Synagogues

Audience: Youth Individuals Adult Format: Web

Synagogue comes directly from a Greek word that means “gathering.” In the Bible, a synagogue is any group of people who meet together for worship. Just when the synagogue meetings began is not certain, but they may have begun after the Babylonians defeated Judah and took many of the Jewish people away in 586 B.C. While in Babylonia, the people could not worship or offer sacrifices to God at the temple in Jerusalem, so they were forced to find different ways to worship.

Later, the Jewish people began moving to other parts of the world, especially to Egypt, Greece, and areas known today as Turkey and southern Russia. They also began meeting together for worship, study, and to keep their group identity. These meetings were called synagogues. In their own land, Jews continued to have these meetings even when Seleucid kings tried to force them to worship Greek gods. One of these kings, Antiochus IV Epiphanes, who ruled Palestine from 175 to 164 B.C., claimed that he himself was a god, just as Alexander the Great had done years before him. Jewish priests from the family known as the Maccabees led a revolt against the Greek leader. They gained freedom for the Jews and ruled the land, but the actions of the Maccabean leaders later caused divisions among their own people. Some of the people were not content just to go to the temple for worship. They met in homes and public rooms to study the Scriptures and find the real meaning of their lives as God’s people.

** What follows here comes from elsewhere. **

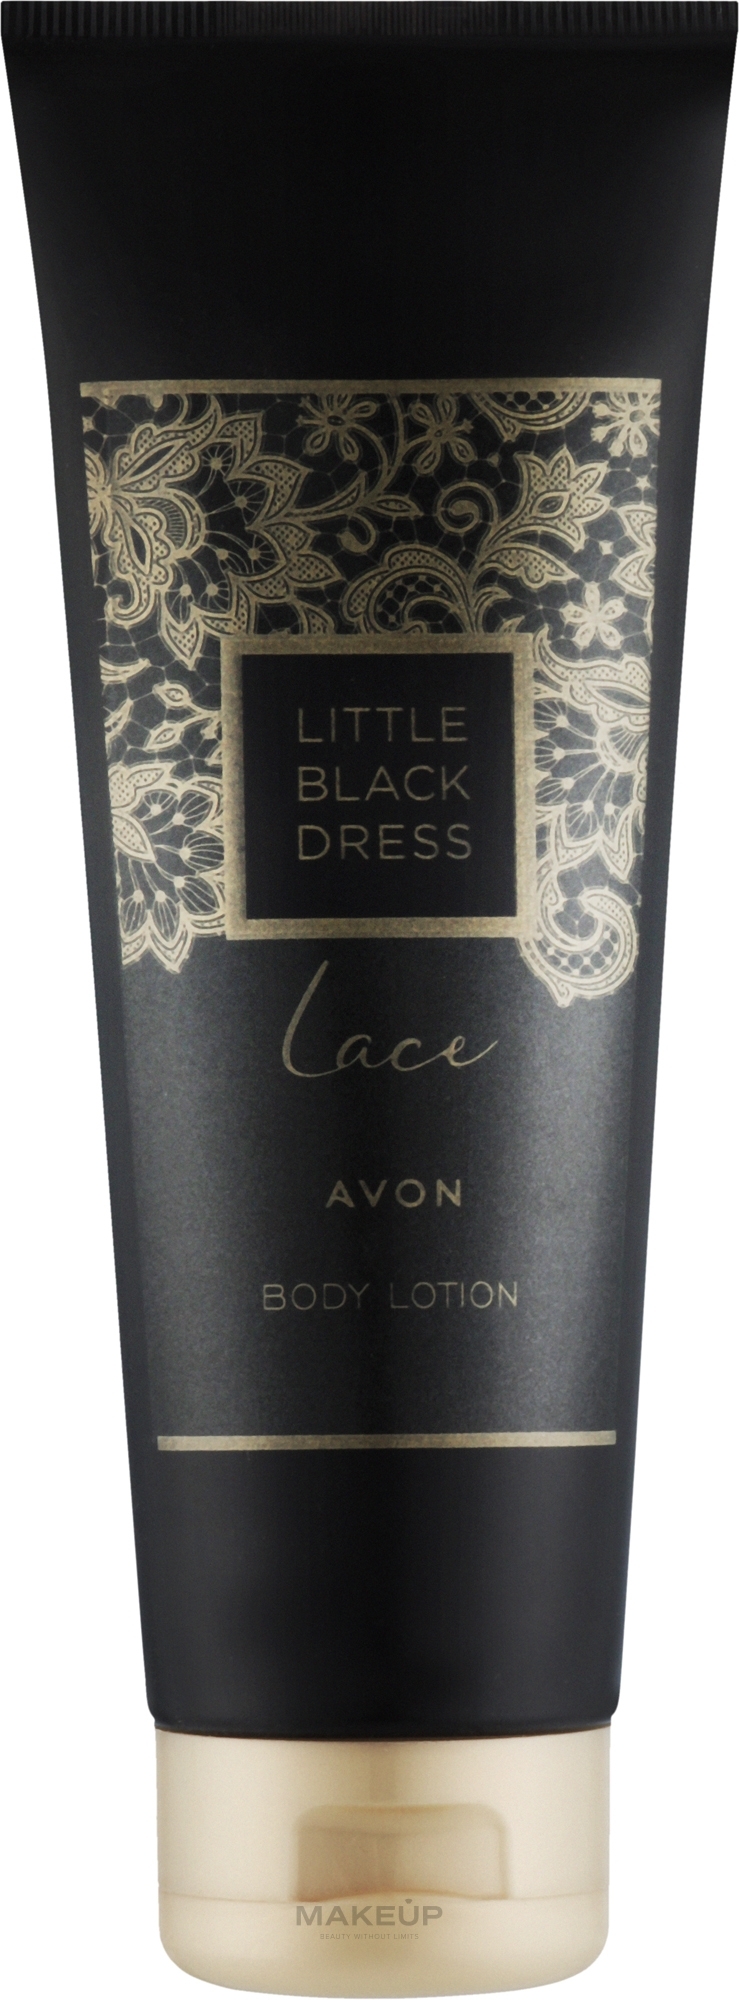 Avon Little Black Dress Lace - Парфюмированный бальзам для тела — фото 125ml
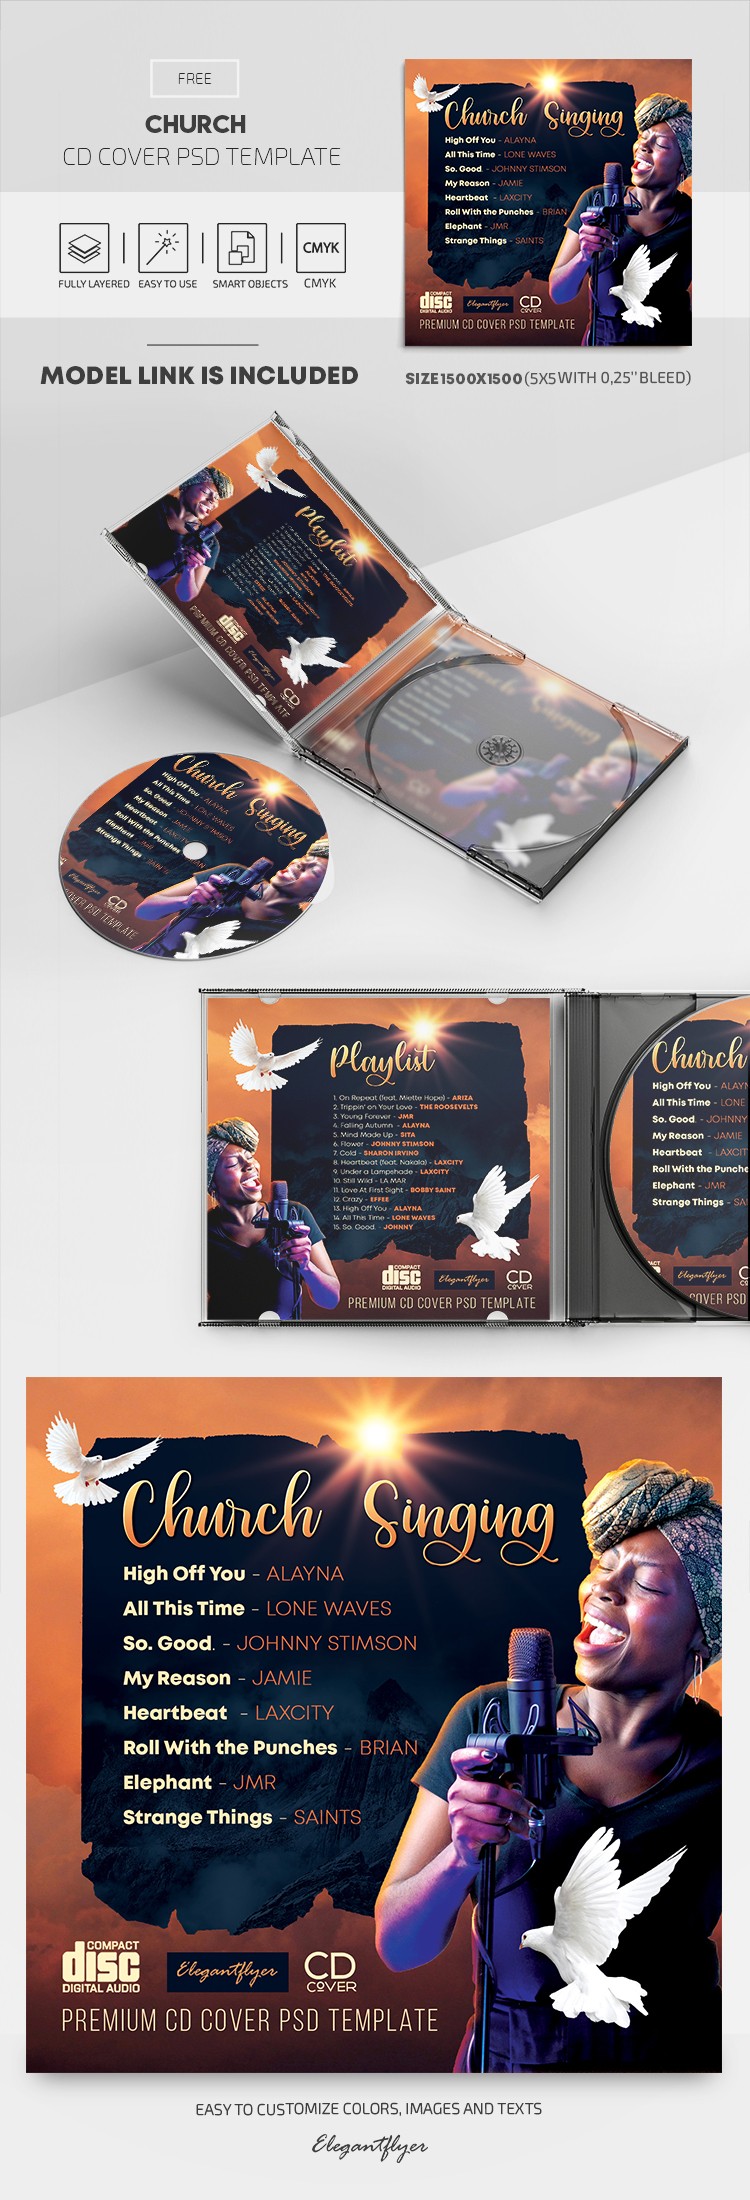 Church CD Cover by ElegantFlyer

This was the situation during the lifetime of Jesus (Mark 1:21; 6:2) and the apostles (Acts 1:12-14; 9:2-20; 13:5). The places where Jews met outside their own land became known as “places of prayer” (Acts 16:16). After the Roman military forces destroyed the Jerusalem temple in A.D. 70, the temple’s priests no longer had a place to lead the people in worship of God. With the loss of the temple, these gatherings to pray and study the Law (Torah) became the most important feature of Jewish worship and community experience throughout the Mediterranean world. The Jewish people continued to meet in homes or public halls, as was the case when Paul was in Ephesus (Acts 19:8-10). It wasn’t until the second and third centuries A.D. that houses were remodeled or new meeting places were built to serve as formal settings for worshiping God. These specially designated meeting places also came to be known as synagogues. The remains of many of these buildings have been found in various parts of the land of Israel and throughout the countries that border the Mediterranean Sea.